Improving the Reader’s Experience, One Step at a Time

“Mrs. Bullington, what’s a good book to read?”

More often than not these days, my answer to this question is one of several book series that have been popular in our library:  the Mortal Instruments series, the Hunger Games series, the Immortals series, the Wake trilogy…the list goes on and on.

Helping Students Help Themselves

Once students have read the first book in the series, they often want to check out the second title.  If I am not working with a teacher, student, or class, I love to help inquiring readers locate the right book.  But what about those times when I’m not available?  How can I still assist readers?

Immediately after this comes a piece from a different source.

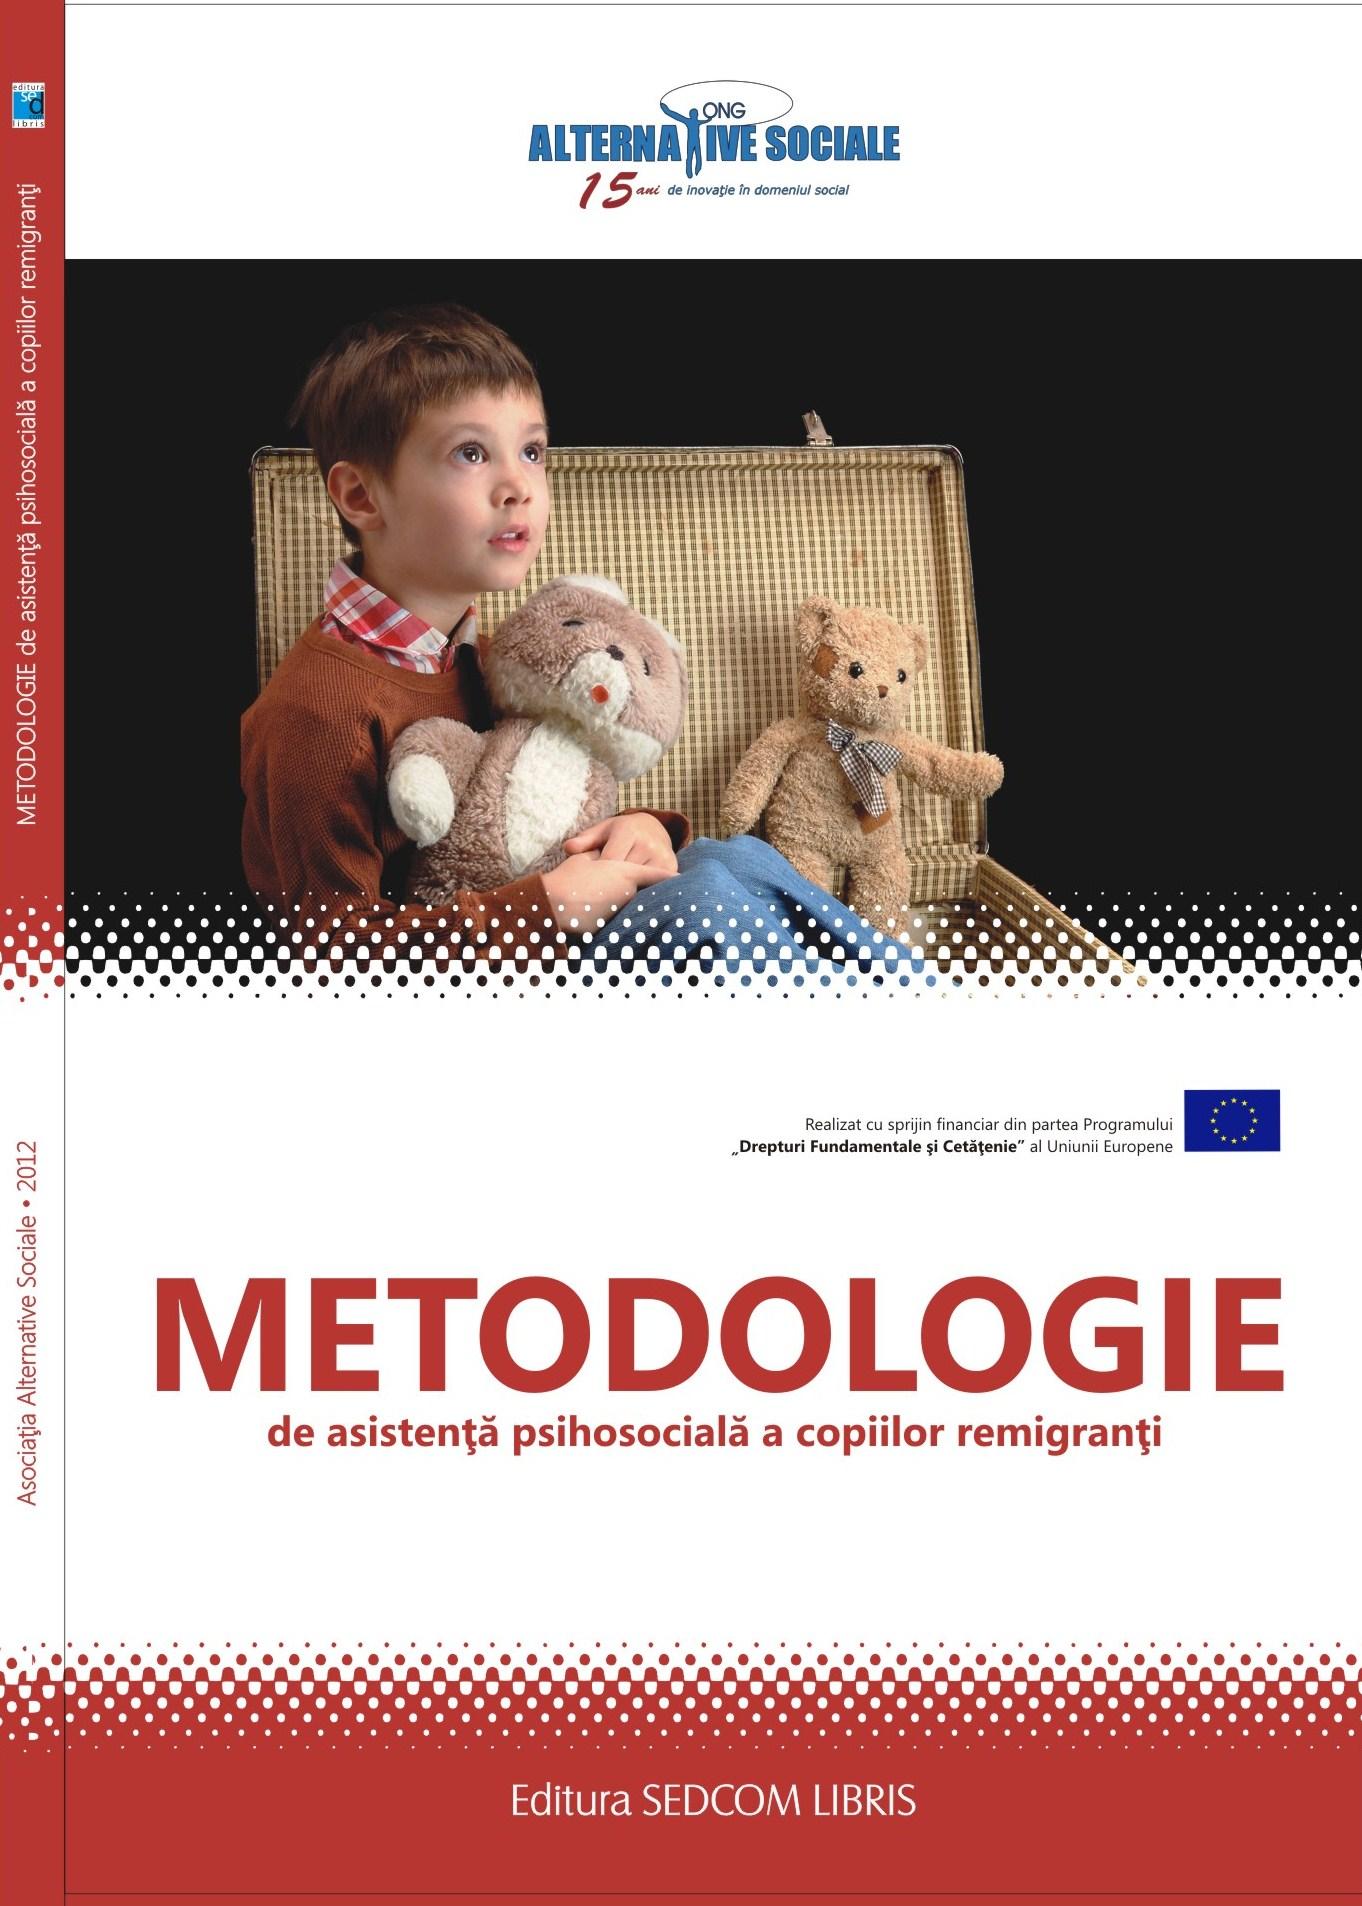 coperta metodologie RCR

Last year, I created a Recommended Reads notebook that is displayed on one of the counters at the Circulation Desk.  It has been one of the best reader’s advisory tools in our library.

This year, I decided to tackle the series in our collection and “Operation: Save Our Series” was launched.  Each title in a series is identified with a label located under the call number.  The label simply states “Series” and the number of the title in the series.  We began pulling books and applying the labels three weeks ago.

To ensure accuracy in labeling, I checked those titles with which I was unfamiliar using the Mid Continent Public Library’s Juvenile Series and Sequels site. After an intensive first week, my service learners had identified and pulled myriads of series from the shelves.

They Just Keep Coming!

Who knew we had so many series?  It seems each time I walk through the fiction area, I notice another series that has escaped our labeling efforts.  Slowly, but surely, we are creating order out of series chaos.

The next step in the process is checking the catalog records for each series.  Unfortunately, many records do not indicate that a title is part of a series, so in spare pockets of time (we all know how rare those are!) I am updating catalog records to reflect this.

Efforts are Rewarded

At our book club meeting this week, I shared the new series labels with the students.  While many members are daily library users and had seen “Operation:  Save the Series” in action, others were pleasantly surprised by the news. All twenty-four students burst into applause at the announcement, though, making our efforts all worthwhile!


4 Responses to “Improving the Reader’s Experience, One Step at a Time”

  1. Heather Loy Says:

    Awesome idea, Fran!

    Want to come and do the same for my library?


  2. Cathy Nelson Says:

    Great idea very much worth stealing. I cant tell you how many times Ive had to look up series to be able to tell students what the next one was in the series. Time saver for sure, so I’ll be doing this.

  3. Tamara Cox Says:

    Came back to reread this post to psych myself up for starting this project at my school. Desperately needed and I think the students will love it. It might also save me the trouble of constantly looking up those series that aren’t kind enough to put the book number on the cover.

    • Fran Bullington Says:

      We seem to have a pretty good handle on series books now – and I feel that the labeling process, though long and tedious – was the key.

      The only problem I have noticed is authors who have multiple series such as Anthony Horowitz and Scott Westerfeld. If a service learner who isn’t very familiar with the series goes to shelve them, he might shelve book 2 of the Alex Rider series in with the Gatekeeper series. Doesn’t happen often, though.

      Good luck with your project! I’m sure both you and your students will be glad you tackled it.